_MATERIAL PROVIDED_
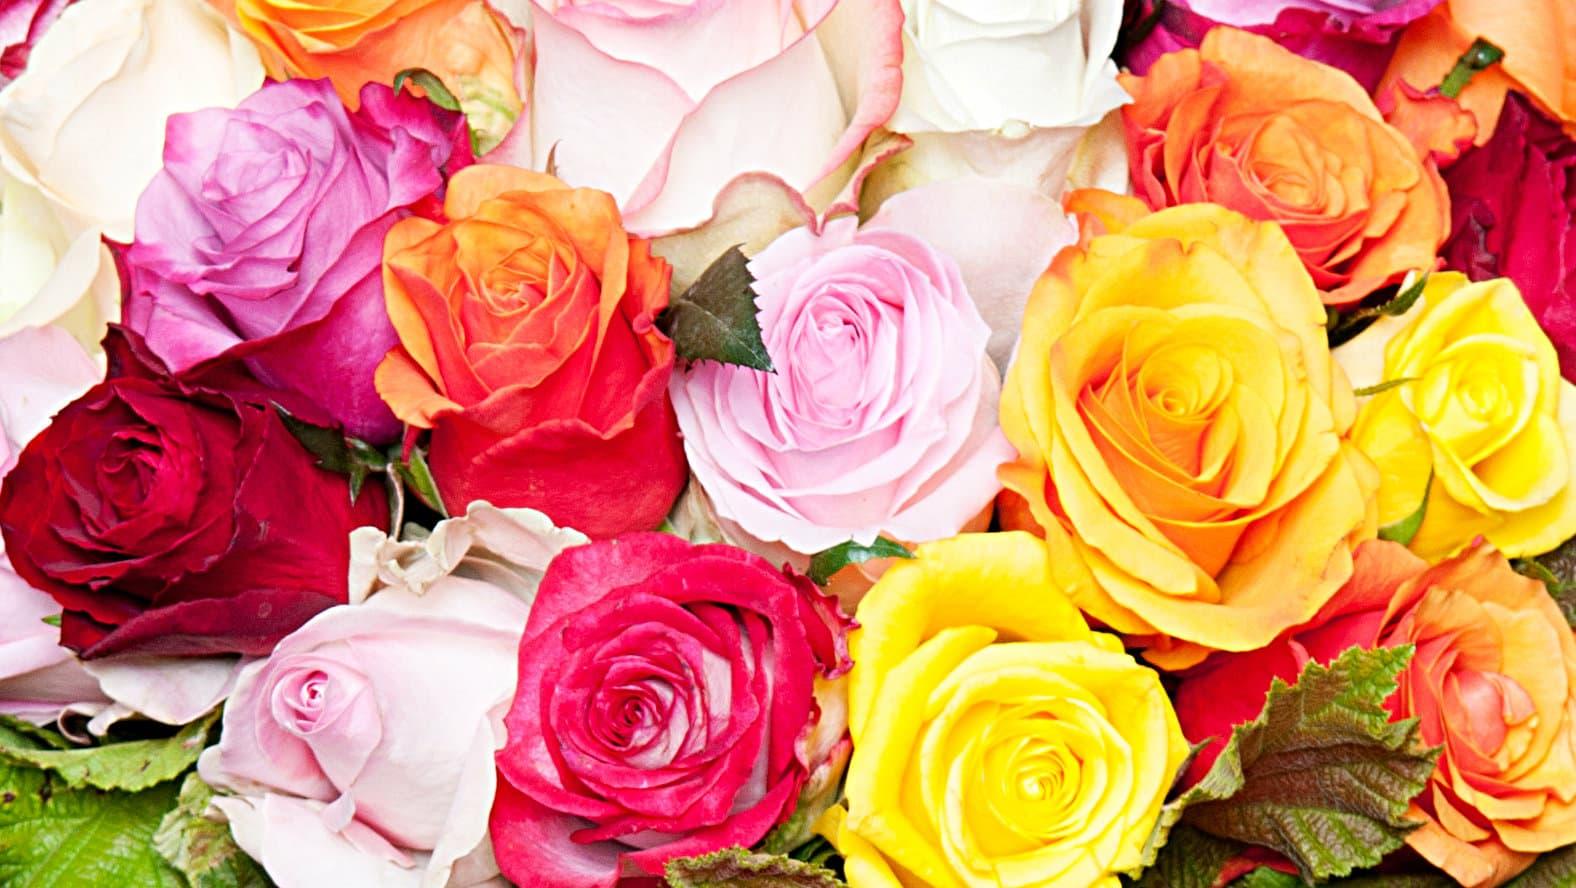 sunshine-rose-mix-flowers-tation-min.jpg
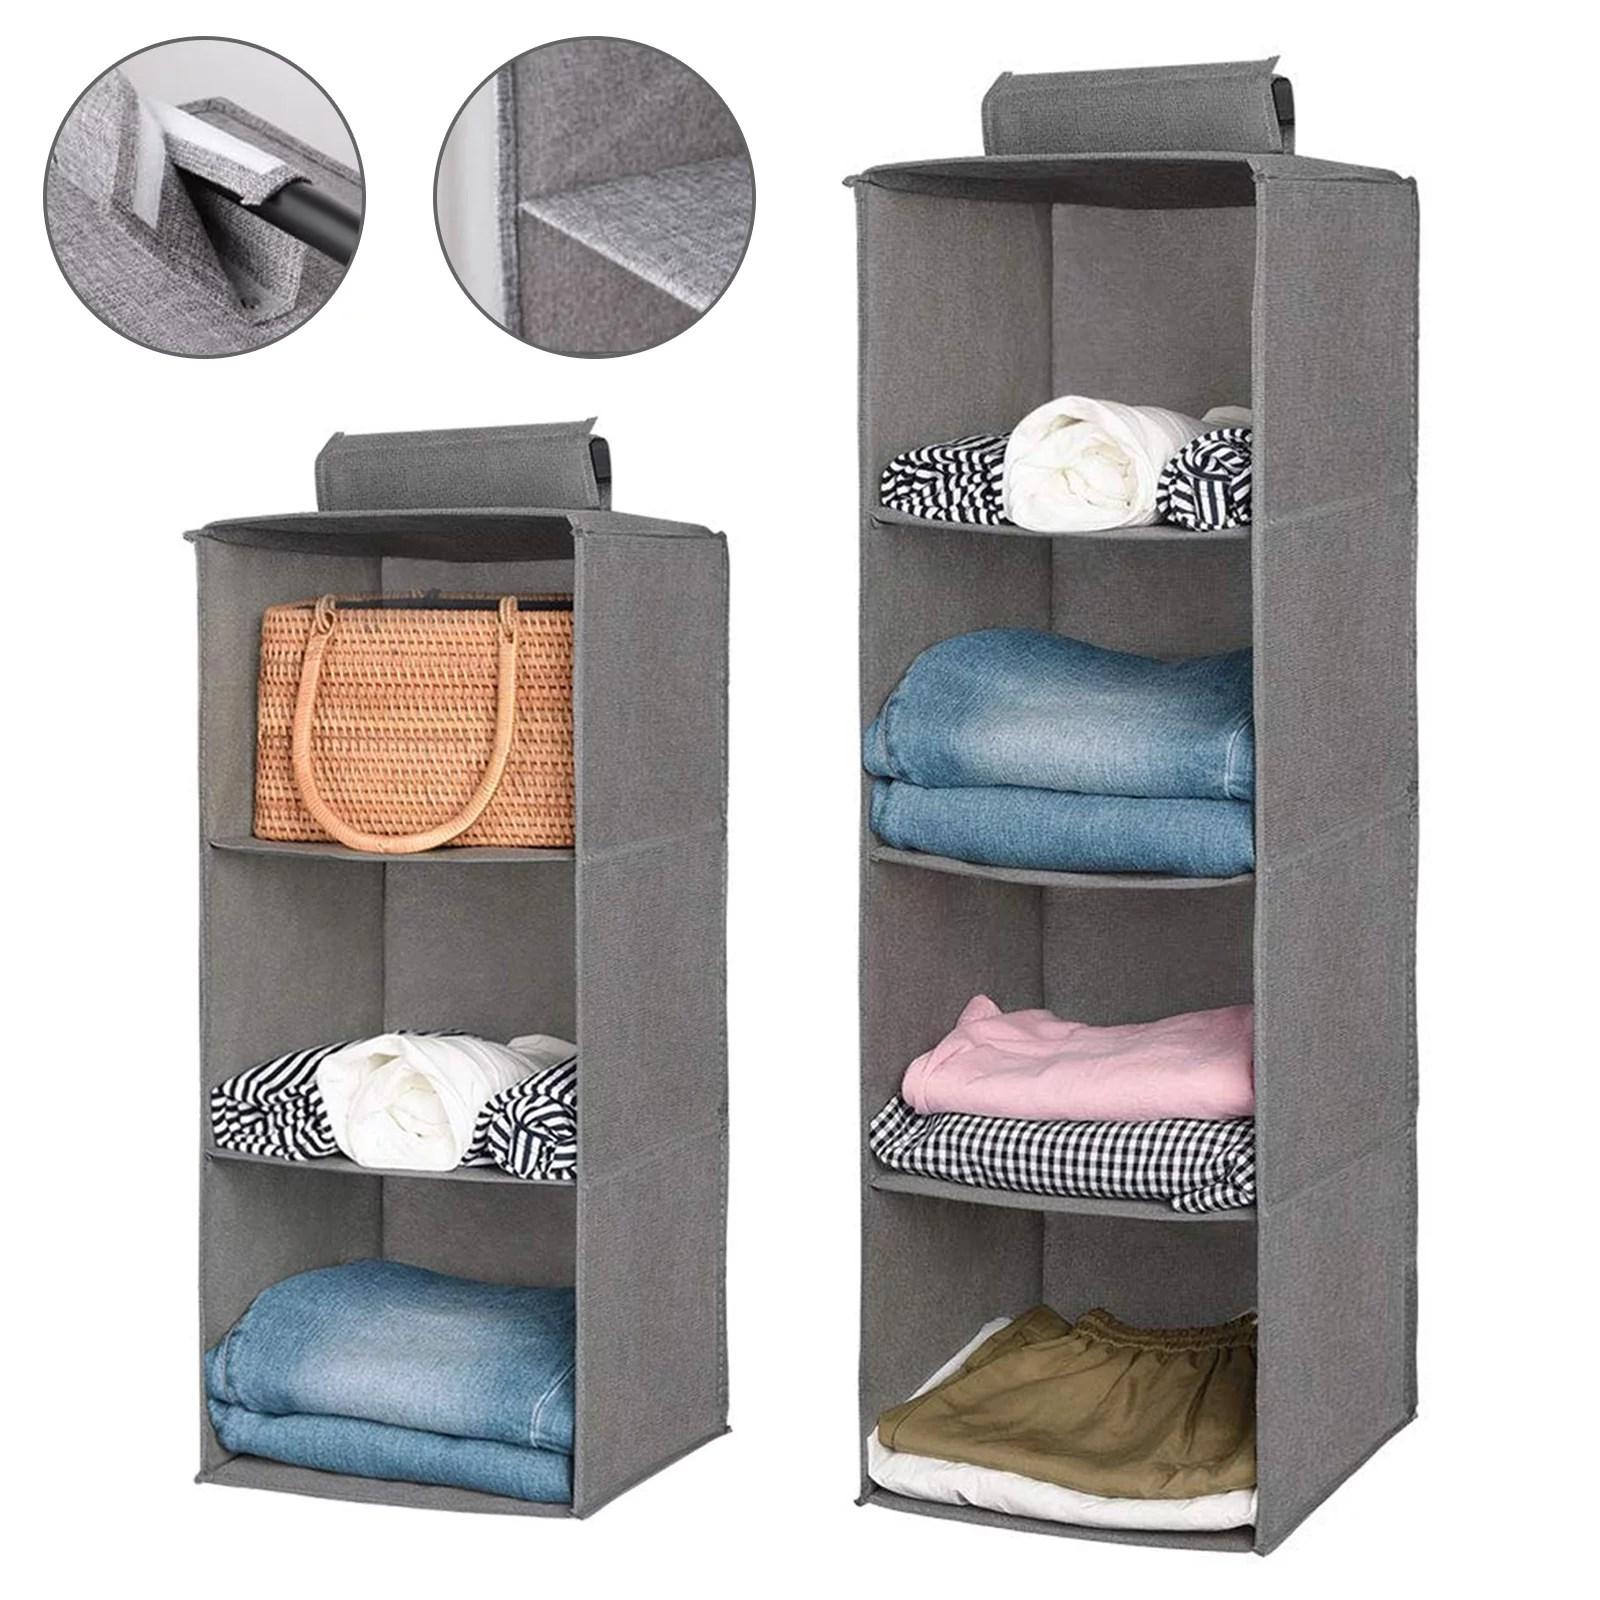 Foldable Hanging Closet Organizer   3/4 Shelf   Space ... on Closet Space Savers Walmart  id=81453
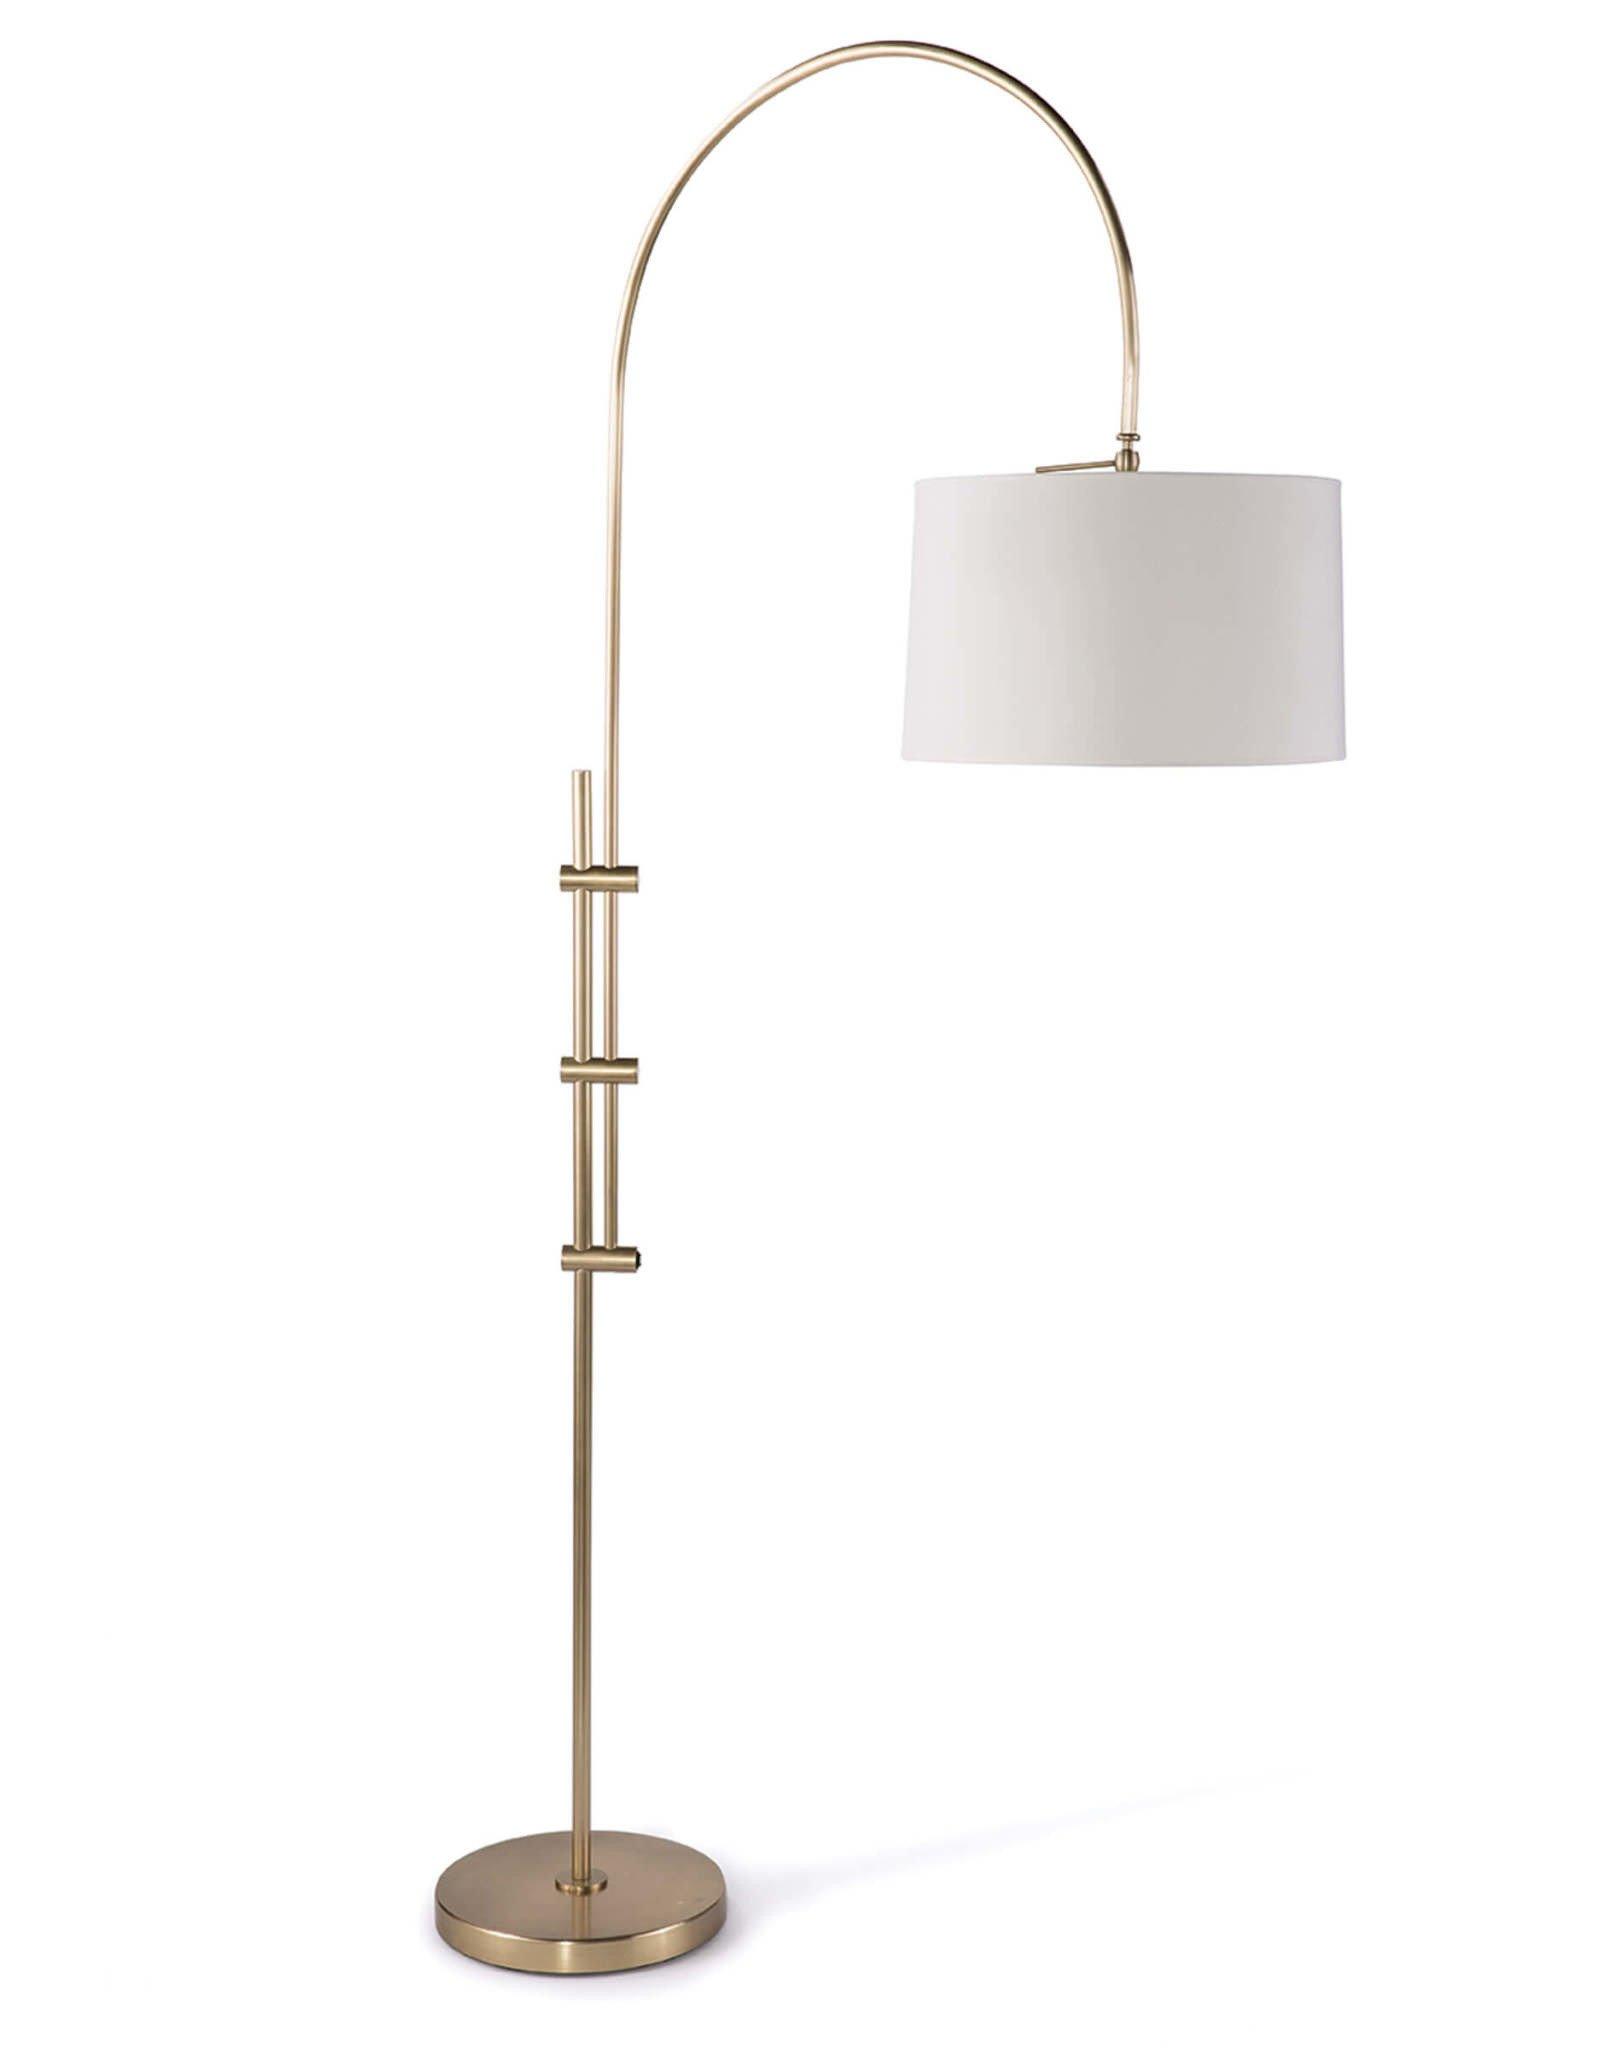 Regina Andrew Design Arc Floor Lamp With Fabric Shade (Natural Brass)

_THE PROBLEM_
Please copy the data above character for character, skipping any pictures.

_WRITTEN ANSWER_
 sunshine-rose-mix-flowers-tation-min.jpg
 Foldable Hanging Closet Organizer   3/4 Shelf   Space ... on Closet Space Savers Walmart  id=81453
 Regina Andrew Design Arc Floor Lamp With Fabric Shade (Natural Brass)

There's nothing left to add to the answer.